Son avocat a été régulièrement entendu ; il soutient que la durée de son transfert entre le lieu de garde à vue et le centre de rétention administrative a été excessif ce qui a causé à l'étranger un grief dans la mesure où ce dernier n'a pu exercer ses drits dans un délai raisonnable.
Le représentant de la préfecture n'a pas comparu.
MOTIFS DE LA DÉCISION
La recevabilité de l'appel contre l'ordonnance du juge des libertés et de la détention n'est pas contestée et les éléments du dossier ne font pas apparaître d'irrégularité.
Sur la durée de transfert :
Un délai d etransfert est jugé excessif dès lors qu'aucune circonstance insurmontable de nature à justifier que le transfert ne soit pas intervenu dans les meilleurs délais n'est rapportée par l'administration.
En l'espèce, il a été notifié à M. [Z] [R] la décision de placement en rétention au commissariat du centre de [Localité 2] le 23 avril à 16h08.
Le registre d'arrivée au centre de rétention note comme date et heure d'arrivée le 23 avril 2023 à 20H15.
Le juge judiciaire doit exercer un contrôle sur le délai de transfèrement jusqu'au centre de rétention afin de s'assurer de la possibilité pour l'étranger d'exercer ses droits dans des délais raisonnables.
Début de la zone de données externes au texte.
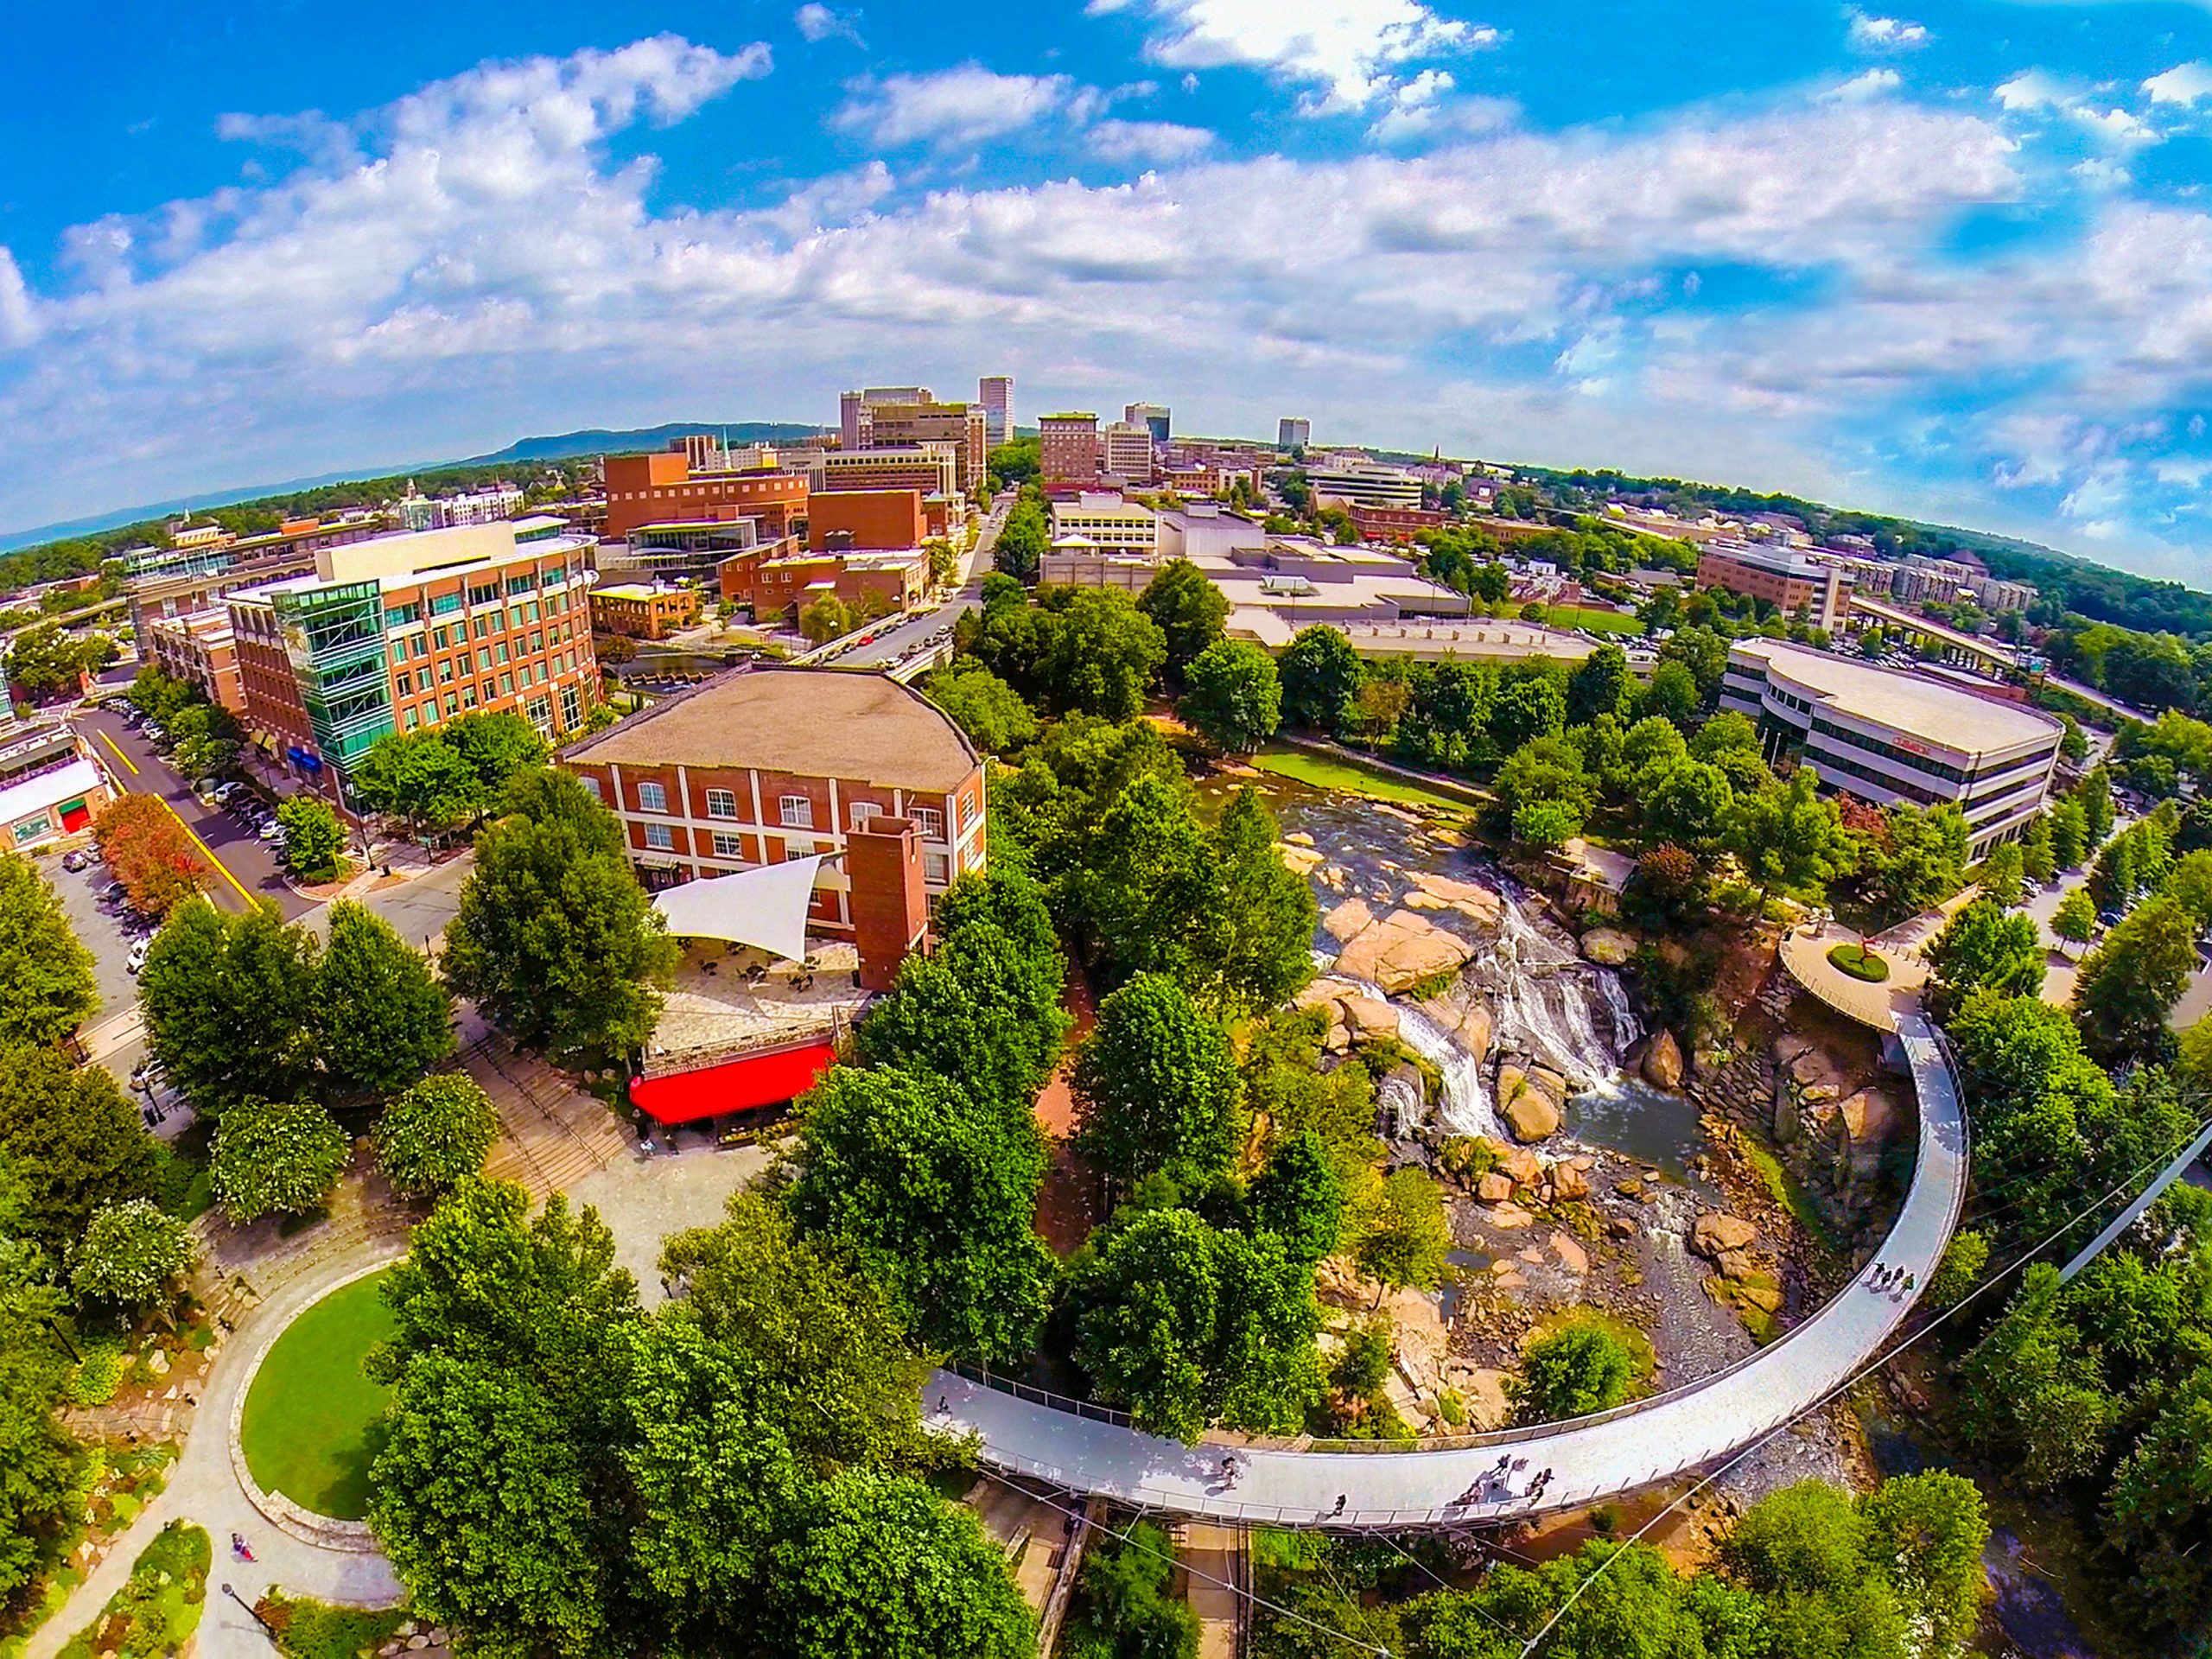 The host for the 2015 GEICO Bassmaster Classic is Greenville, S.C. This aerial view of downtown Greenville shows Liberty Bridge at Falls Park on the Reedy. This wooded valley park is less than a mile away from the arena that will host the Classic weigh-ins.

Même si le délai de transfert entre le lieu de garde à vue, à [Localité 2], et le centre de rétention, également à [Localité 2] apparaît effectivement très long, M. [Z] [R] ne justifie pas, par ailleurs, d'une atteinte à ses droits dont l'exercice effectif débute à compter de son arrivée au centre de rétention, et non à compter de leur notification, ceux-ci étant simplement suspendus pendant la durée de transfert.
C'est donc à juste titre que le premier juge a rejeter ce moyen.
L'ordonnance entreprise sera en conséquence confirmée.
PAR CES MOTIFS
Statuant publiquement par décision réputée contradictoire en dernier ressort, après débats en audience publique,
Confirmons l'ordonnance du Juge des libertés et de la détention de MARSEILLE en date du 26 Avril 2023.
Les parties sont avisées qu'elles peuvent se pourvoir en cassation contre cette ordonnance dans un délai de 2 mois à compter de cette notification, le pourvoi devant être formé par déclaration au greffe de la Cour de cassation, signé par un avocat au conseil d'Etat ou de la Cour de cassation.